А еще заполняли собою Комнату резные шкатуны из слоновой и рыбьей кости и дубовые кованые подголовники с тайными замками, полные золотой монеты, ларцы и пульпеты для богатых даров от архиреев, и знати, и прихожан. Жизнь вроде бы проходит быстро, но течет медленно, чтобы успел устать, и даже за столь короткие годы патриаршества, оказывается, собралось истиха столько вещей, что, привыкнувши к ним, после и вовсе забыл о многих, не подозревая их присутствие возле себя. И только переезд или смерть обнаруживают весь скоп утвари и богатств, вроде бы столь необходимых в быту, но таких лишних, когда собрался на тот свет. Лишь белый саван, сандалии, нательный крестик и заупокойная молитва уплывают с тобою в мир иной, и в последние минуты с нескрываемым удивлением озирая нажитое, ты вдруг с облегчением чувствуешь полную свободу от него...

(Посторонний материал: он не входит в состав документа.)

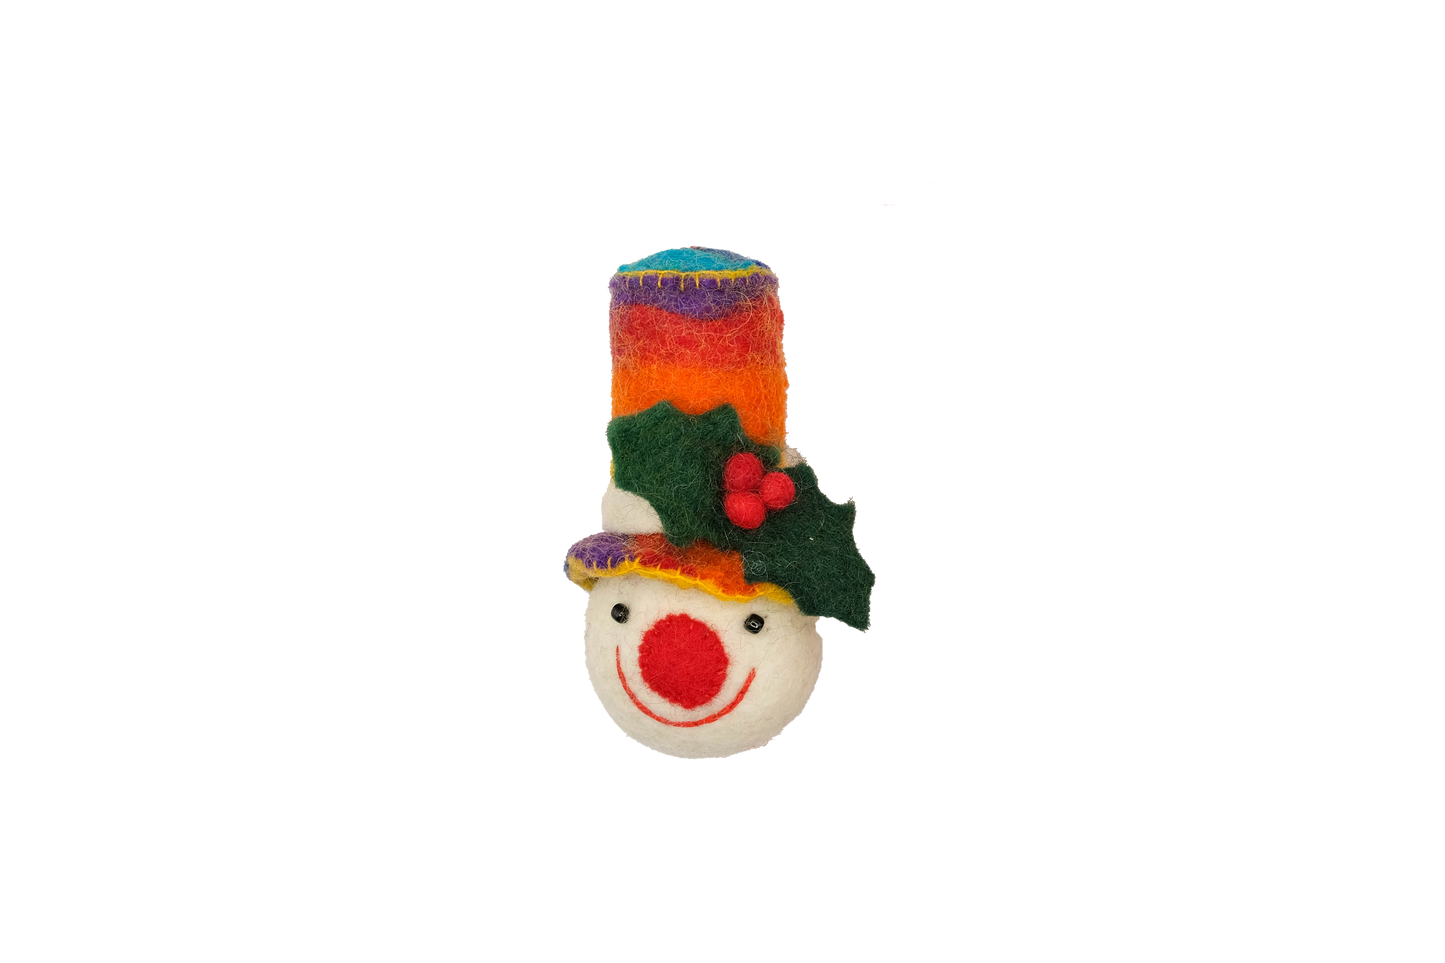 Rainbow Top Hat Snow Friend Handmade Felt Ornament

Солнце на лето, зима на мороз. Передний угол гулко крякнул от мороза, закуржавленные окна с порошками, полными воды, уже сине замглели. Декабрьский денек с воробьиный поскок. Давно ли развиднелось, а уж и к ночи поворот. Прощальной робкой желтизной наскоро тронуло узорные от инея стеколки, сумерки в кельях сразу стали гуще, жарче затеплились свечи: в широко отпахнутые двери, опушенные синим сукном, струился терпкий от ладана и свеч воздух, колыхая кисейные полога, будто кто таился там. Никон собрался было дунуть в свист серебряный, чтобы позвать келейника: пора сряжатися к гостевому столу – и сразу забыл о намерении. Кряхтя, стянул сапожонки с наводяневших ног, в горностаевых чулочках прошелся по натертому вощанкою полу, с радостью впитывая древесное тепло и не ощущая ни одной заусеницы. Плахи не поддались под грузным телом, не скрипнули, ладно пригнанные тороватой плотницкой рукой и углаженные теслом. Эх, как славно, однако, когда покои новые да уряжены по твоему норову, да когда первым вступил в них с охранного молитвой, с любовью вдыхая запах кадильницы, оставленный после освящения, да когда всякой нежити положен предел за порогом хором.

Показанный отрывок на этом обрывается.